The show within the show happens on the wedding day of oil tycoon Robert Martin (Ryan Bintz, HAMIs as Marius in Les Miserables and Billy in Chicago at Stage West Community Playhouse). Robert is getting ready to marry Broadway star Janet Van De Graaff (Suzanne Meck, Gloria in Bye, Bye Birdie), who vows she is giving up the stage to be a housewife.

The problem is that the producer of the show she's supposed to star in next, one F. Feldzieg (Mark Lewis, Capt. South in The Amorous Ambassador), learns from two low-level gangsters (Andrew Niederdorf and Justin Buyea) that the unnamed mob boss who is backing the show insists that Janet be the star, or else he's pulling out. Worse, if the Big Man doesn't get his way, the gangsters will have a murderous Toledo Surprise for Feldzieg.

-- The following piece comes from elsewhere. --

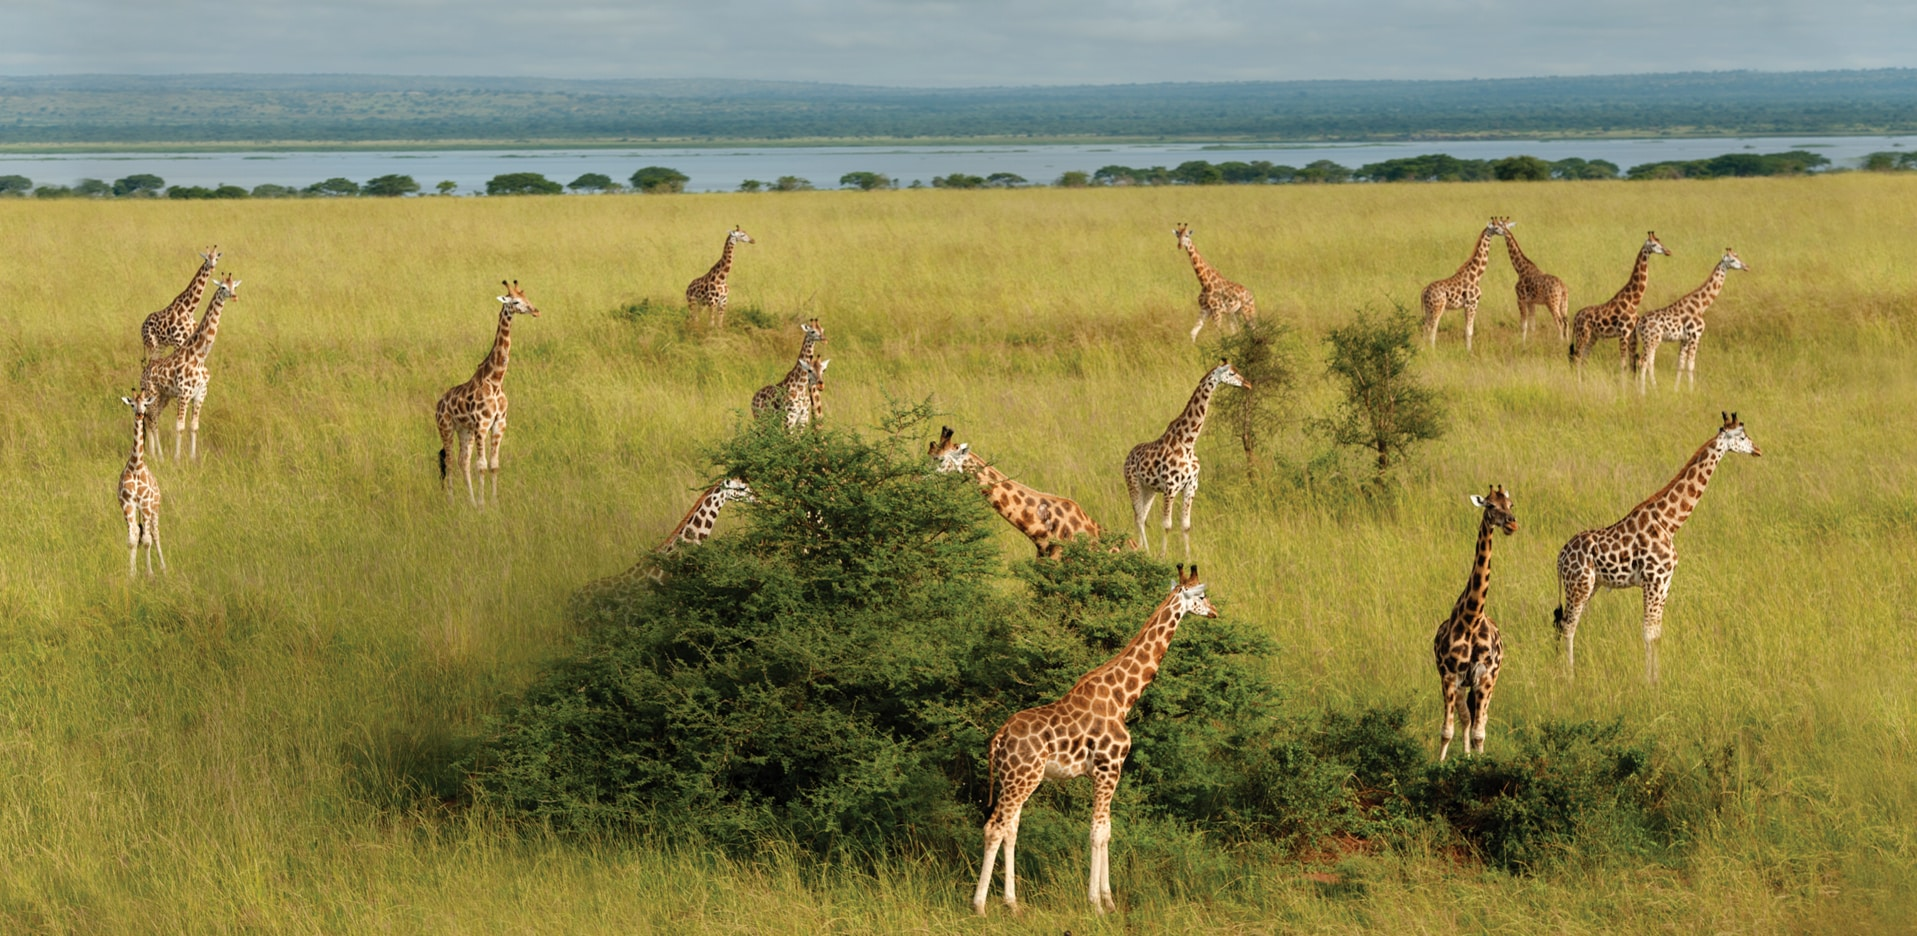 three-ways-safari.jpg
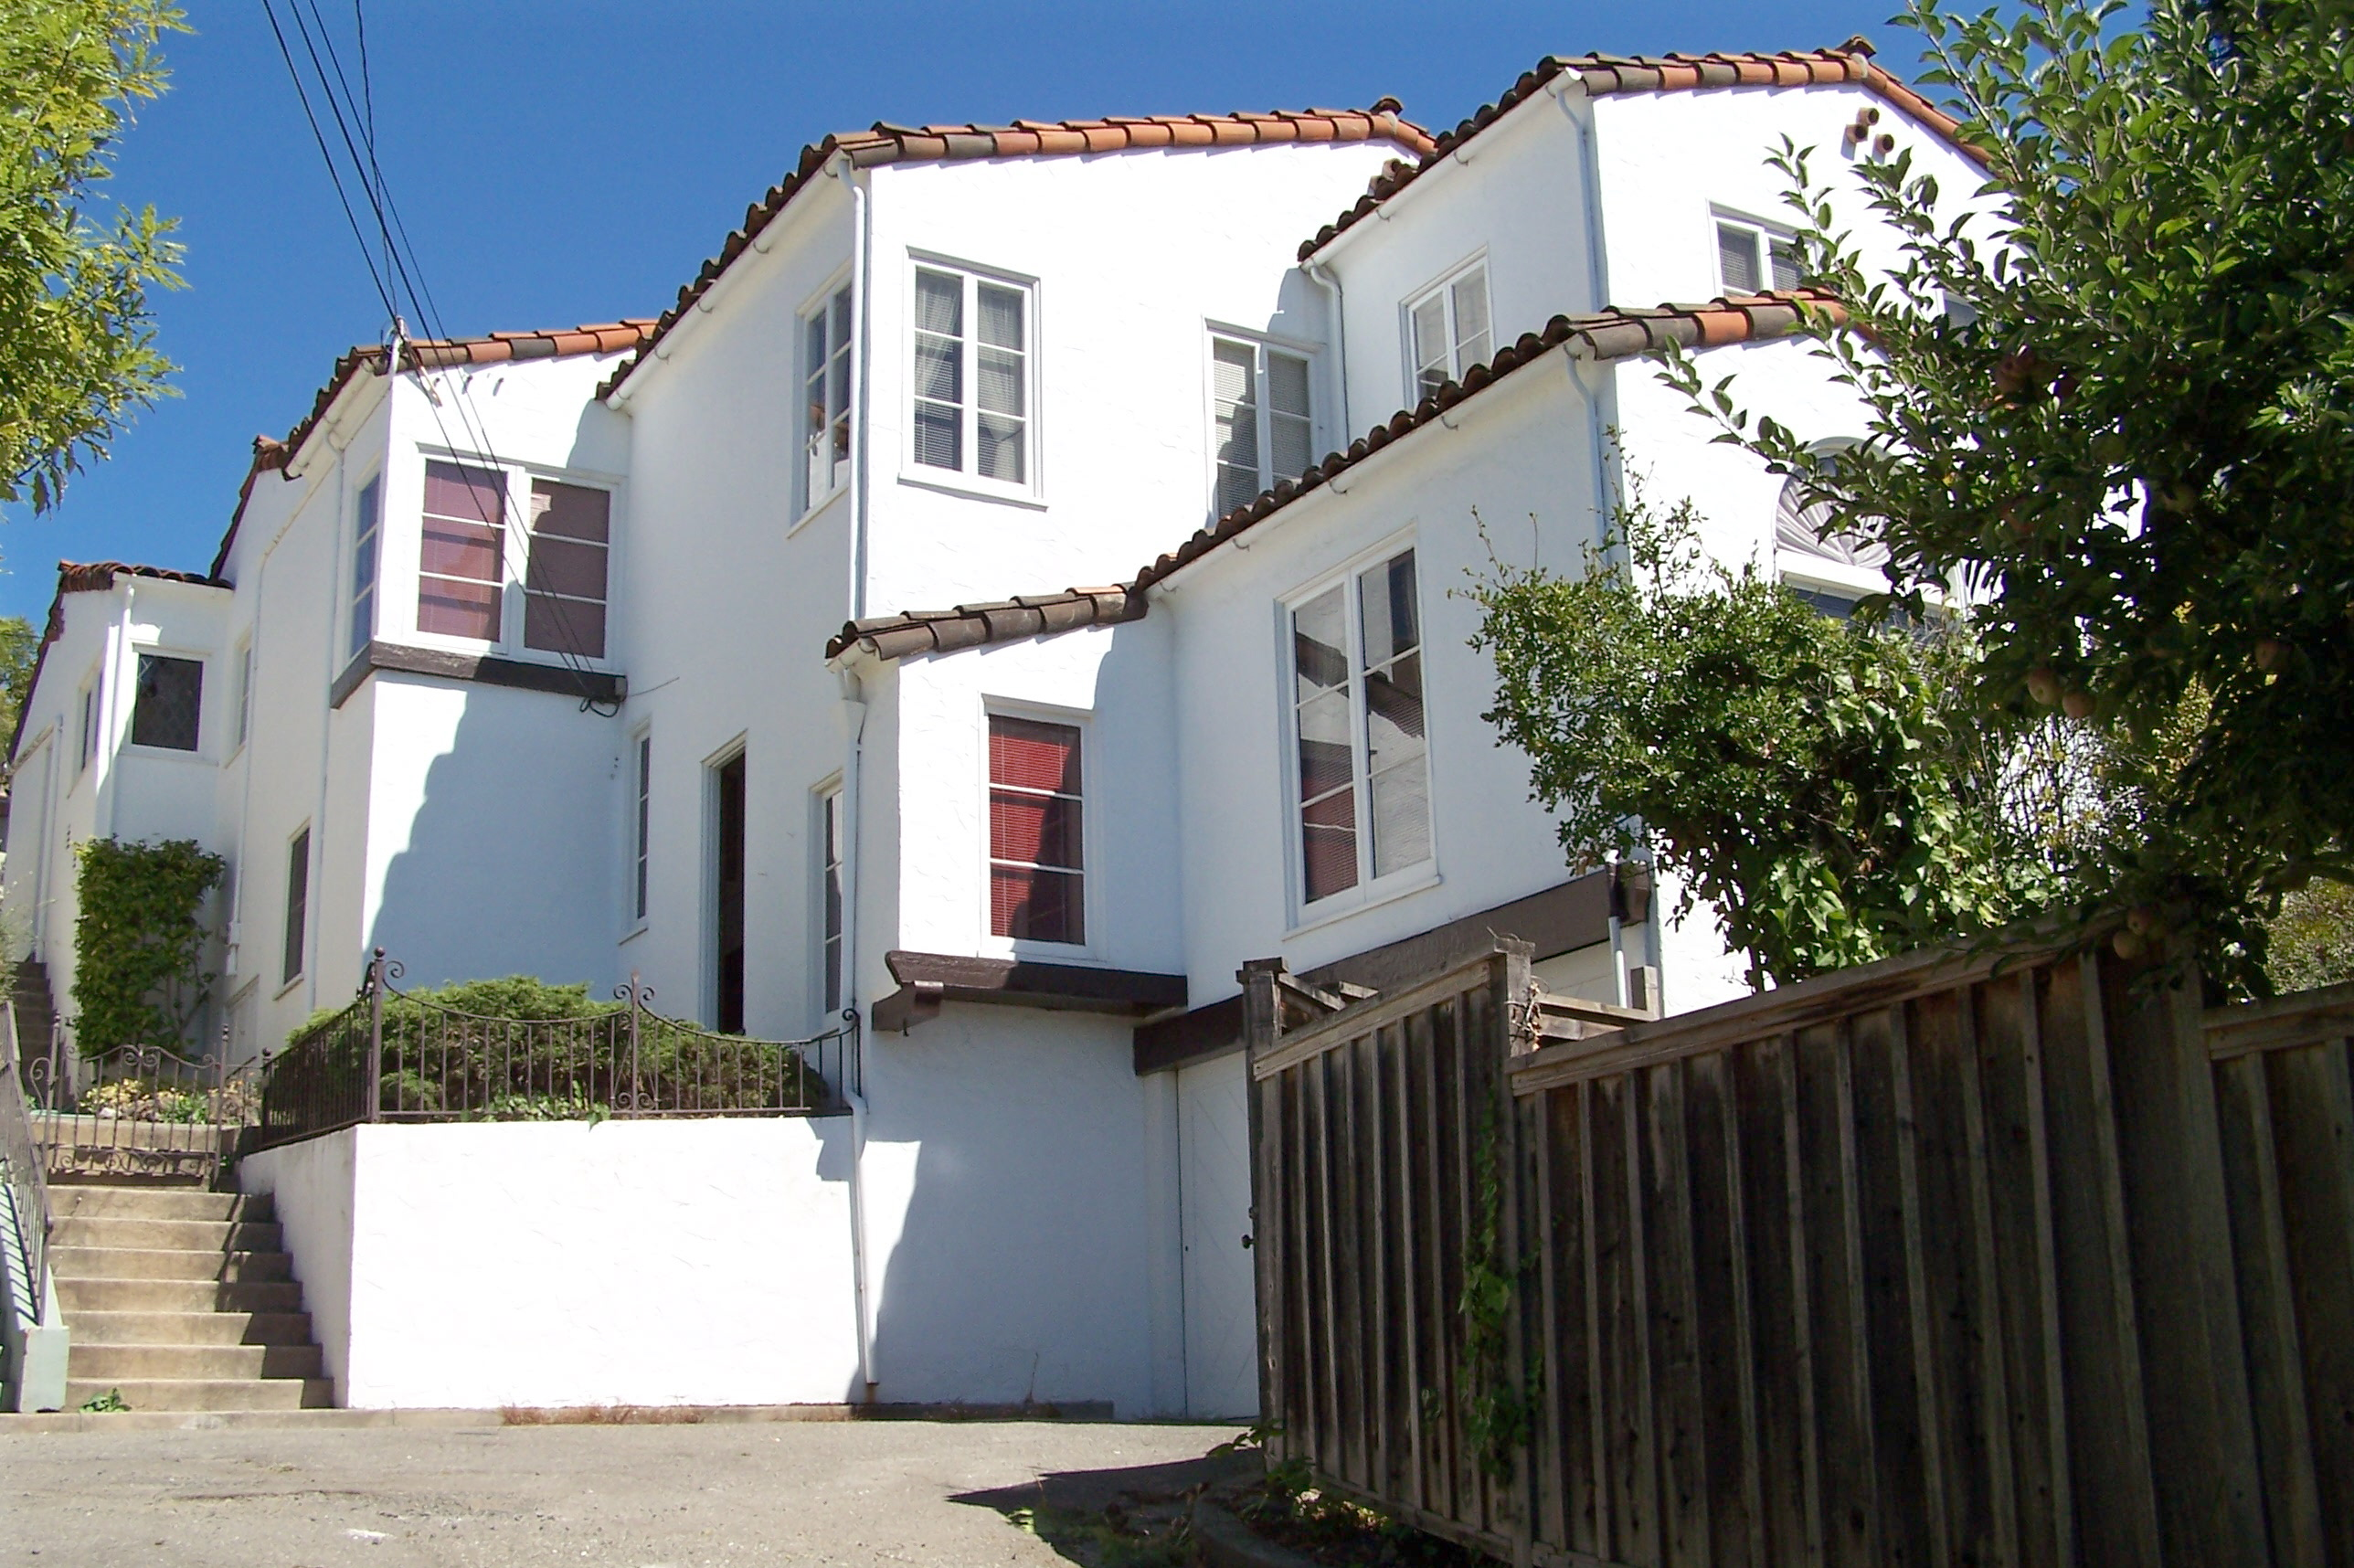 Housing Uc Berkeley Extension

Feldzieg decides his only choice is to break up the wedding, and he enlists the help of the vain Latin lover Aldolpho (Mike McGuigan) to seduce Janet so that she'll forsake Robert and star in his Feldzieg's Follies.

That doesn't sit well with the ditzy Kitty (Jessie Willis), who wants to be Feldzieg's new star, and that can only happen if Janet is out of the picture.

Meanwhile, Janet is beginning to have doubts about Robert, so she consults the Drowsy Chaper one (Vicky Stinnett, Guenevere in Camelot). The tipsy chaperone can only sing As We Stumble Along, a paean to drunkenness as a way to get through life.

It's all a long run of stage chestnuts: mistaken identities, a dream sequence, spit takes, a staid English butler, a dotty dowager, a drunk scene, a Broadway impresario, comically bumbling gangsters, a dizzy blond and even the ancient Greek tragedy fallback, the deus ex machina, where a machine flies in from the sky to save the day. Or not.

The 21-member cast is led by director/choreographer Linda Hougland (co-director of Mame, Camelot, A Chorus Line, Cabaret) and co-director David Blethards, with Michele Paula Rose as music director.